I.1.3.4 Les verrous à lever

Pour clore cette partie, nous donnons dans ce paragraphe une liste non-exhaustive des contraintes et challenges qu’ils restent aujourd’hui à surmonter pour l’électrification des systèmes. L’ensemble de ces sujets ont fait ou font aujourd’hui l’objet de recherches dans les différents projets nationaux ou européens relatifs à l’avion plus électrique : Power Optimized Aircraft (POA, 2001-2007), More Open Electrical Technologies (MOET, 2006-2009) [MOET], Clean Sky (2008-2015) [CLSK], Actuation 2015 (2011-2014) [ACT15], Gestion Optimisée de l’Energie (GENOME, 2012-2017). Les principaux verrous à surmonter pour l’avion plus électrique sont donc :

 l’architecture des réseaux électriques. La disparition des réseaux hydrauliques et pneumatiques entraînera un report des exigences de fiabilité et d’opérabilité sur le réseau électrique. De nouvelles solutions architecturales doivent donc être définies afin de répondre à cet accroissement de périmètre tout en limitant l’impact en termes de masse.

 l’intégration des équipements électriques.
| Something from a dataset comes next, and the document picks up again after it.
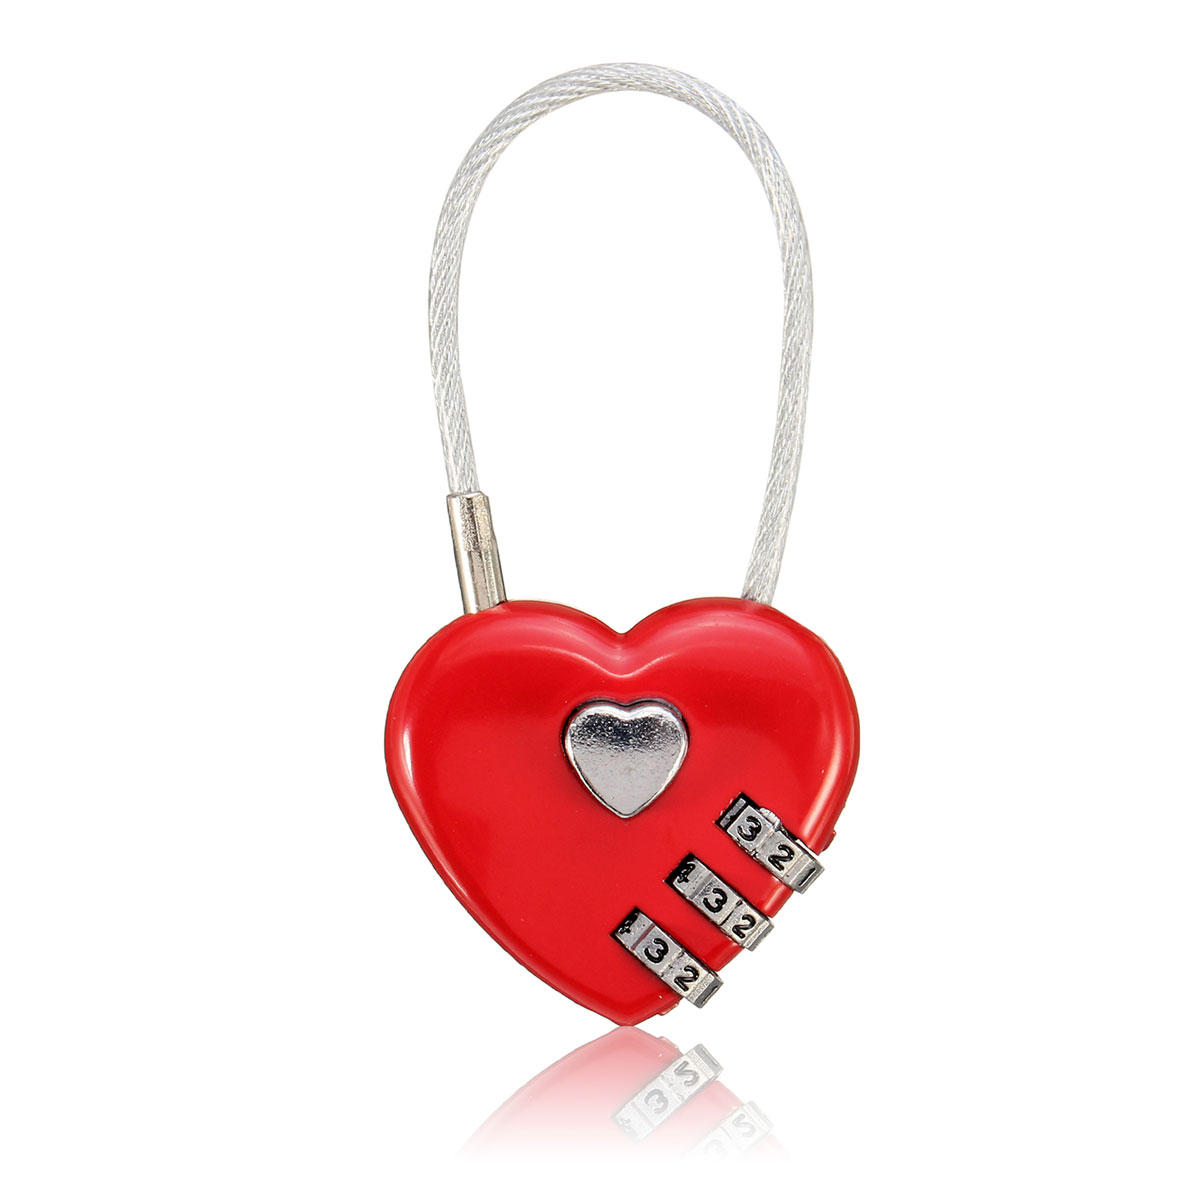 Creative Gift Idea Love Lock Gepersonaliseerd Gegraveerd Hangslot Hartvormig Slot Decoraties

Un exemple typique est donné par l’électronique de puissance pilotant les machines électriques. Avec l’avion plus

électrique, les modules d’électronique de puissance devront commander des machines

de taille plus conséquente. L’augmentation de la compacité des dispositifs d’électronique de puissance, c’est-à-dire les ratios « 𝑘𝑊 𝑘𝑔⁄ » et « 𝑘𝑊 𝑚⁄ » est donc 3 de toute première importance. En électronique de puissance, des évolutions technologiques (composants grands gap SiC, GaN,…) [ALA11] et structurelles (structures multi niveaux, couplage magnétique,…) [BEL11] majeures sont attendues : cette dimension technique et technologique ne fait pas partie des objectifs de cette thèse mais en constitue une perspective essentielle.

 la gestion thermique. En effet, tout système électrique rejette des calories, l’avion plus électrique amènera donc un accroissement des pertes thermiques qui devront être maîtrisées et évacuées tous en limitant l’impact au niveau de la masse de l’avion et de la trainée induite.

 la compatibilité électromagnétique (CEM) est aujourd’hui prise en compte afin de ne pas détériorer le fonctionnement de certains systèmes électriques ou électroniques. Des règles de conception et d’installation pour le câblage et les systèmes existent. Avec l’accroissement des échanges de puissance électrique, ces phénomènes devront être mieux maîtrisés pour éviter des surdimensionnements inutiles.

 le critère économique. Le lancement d’un avion plus électrique n’est pas seulement conditionné par une faisabilité technique. Le critère économique notamment représenté par le prix d’achat des nouveaux équipements à bord de l’avion plus électrique est primordial. Cette problématique est étroitement liée au processus d’industrialisation. Une baisse des coûts de développement et de fabrication passera par la standardisation des équipements. Le projet européen « Actuation 2015 », visant à développer des briques élémentaires standardisées pour les actionneurs électriques, illustre cette tendance [ACT15].